Excerpts from the interview:

“If there’s one thing you need to know about me, it’s my background. I’m trailer trash. I grew up in a trailer park next to the city dump and the sewage treatment plant. No man in my family had ever gone higher in school than the eighth grade, and no one had ever gone to college. But there were readers in my family. My mom had been a reader, although when I was young she was working two jobs most of the time. That’s because my father was an abusive alcoholic, so she packed up me and my sister and moved from New York back to Ohio to start over again. The trailers we lived in always had stacks of books and she always made sure that I had things to read. Reading was my escape — from the trailer park, from all the fights I had with other kids, from the smell of trash and sewage.

“But more than that, the characters in books became my role models.
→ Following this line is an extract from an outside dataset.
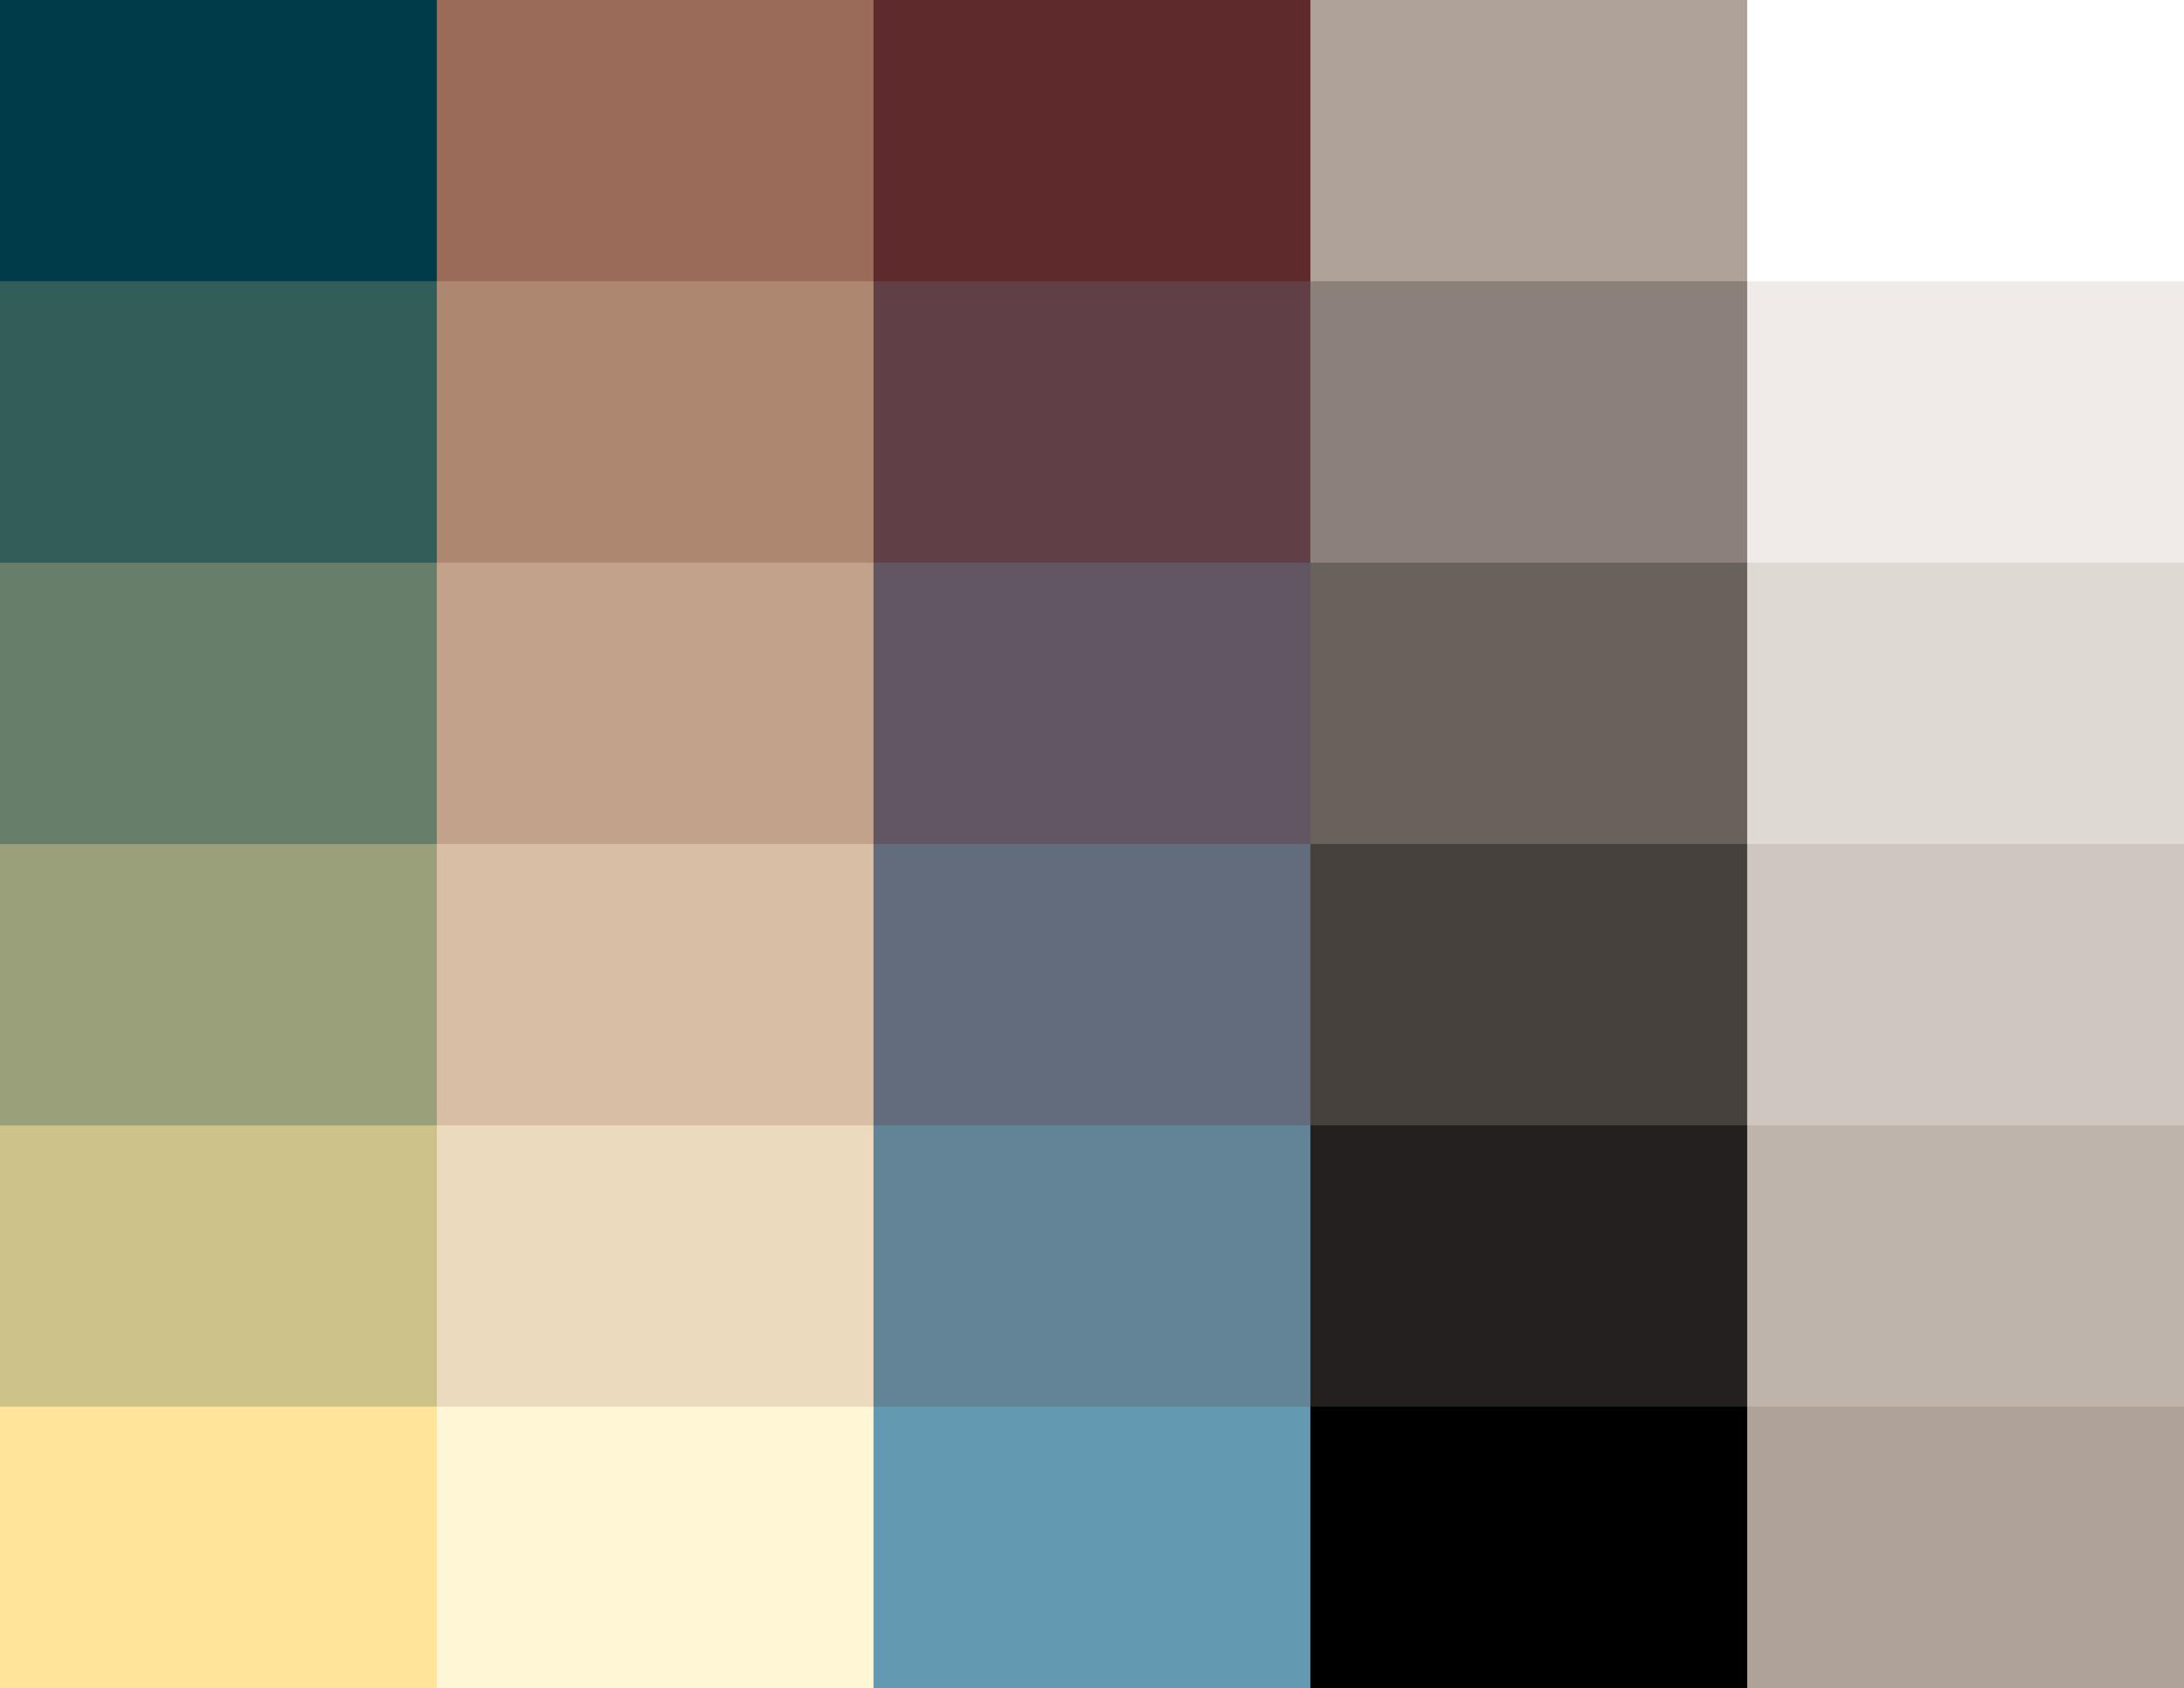 Wordmark_Allison_ColorPalette_Jan_8_2018-11.png

So there I was, stuck in this trailer in Ohio reading Tarzan — that’s not like being in the arms of a gorilla in Africa, I’m not saying that. But it put things in perspective. That was my attraction to the literature of the fantastic from a very early age, the scale and scope of it. I’d think, if Frodo can carry the Ring to Mount Doom, then I can get through my problems. In fantasy and science fiction, I saw characters who were faced with horrible, unfair situations and somehow they always managed to rise above them. That was very appealing to me.”

*

“I got lucky. Gordon Van Gelder at F&SF bought seven stories from me in about a year. They were all over the place — something experimental, comic science fiction, space opera, Leiberesque sword-and-sorcery, high fantasy, alternate history. As I wanted to develop my career and move into novels, that posed challenges because I didn’t have an identity as a writer. When Bill Schafer at Subterranean came to me with the idea of collecting all my sword and sorcery stories, I didn’t have enough of them and I wasn’t in a space where I could write 60,000 words more, so I said, ‘Can we do a collection of all my different stories instead?’

“That’s how Wild Things came about. That was a collection that had something for everyone to hate. I got a lot of reader reviews from people who were looking for just one kind of kick — fantasy, hard SF, horror — so they would love one story and then hate all the others. If I ever have another chance to do a collection, it will just be sword and sorcery, just science fiction, just horror. I won’t jump all over the place, because that didn’t work.”

*

“These days, I think the impulse toward short stories, and the short story market in speculative fiction, is profoundly anticommercial. It’s reaching for an audience that’s interested in other things. So that transition between what makes for a satisfying short story and what makes for a commercial novel is a hard one to bridge. There are writers who are doing it — people like Tim and Tobias, Jay Lake, Elizabeth Bear — but it’s hard.

“The Traitor to the Crown trilogy — The Patriot Witch, A Spell for the Revolution, and The Demon Redcoat — is a secret history of the American Revolution in which witches and magic play the central role. The Revolutionary era is a great period of history, one where there are so many larger-than-life figures to work with and really interesting things happening. The belief in the supernatural is already present, and some people — like the Count and Countess Cagliostro — were actually trying to influence events through the use of the supernatural. And there are so many events that are unexplained that it’s the perfect setting to explore in fiction.”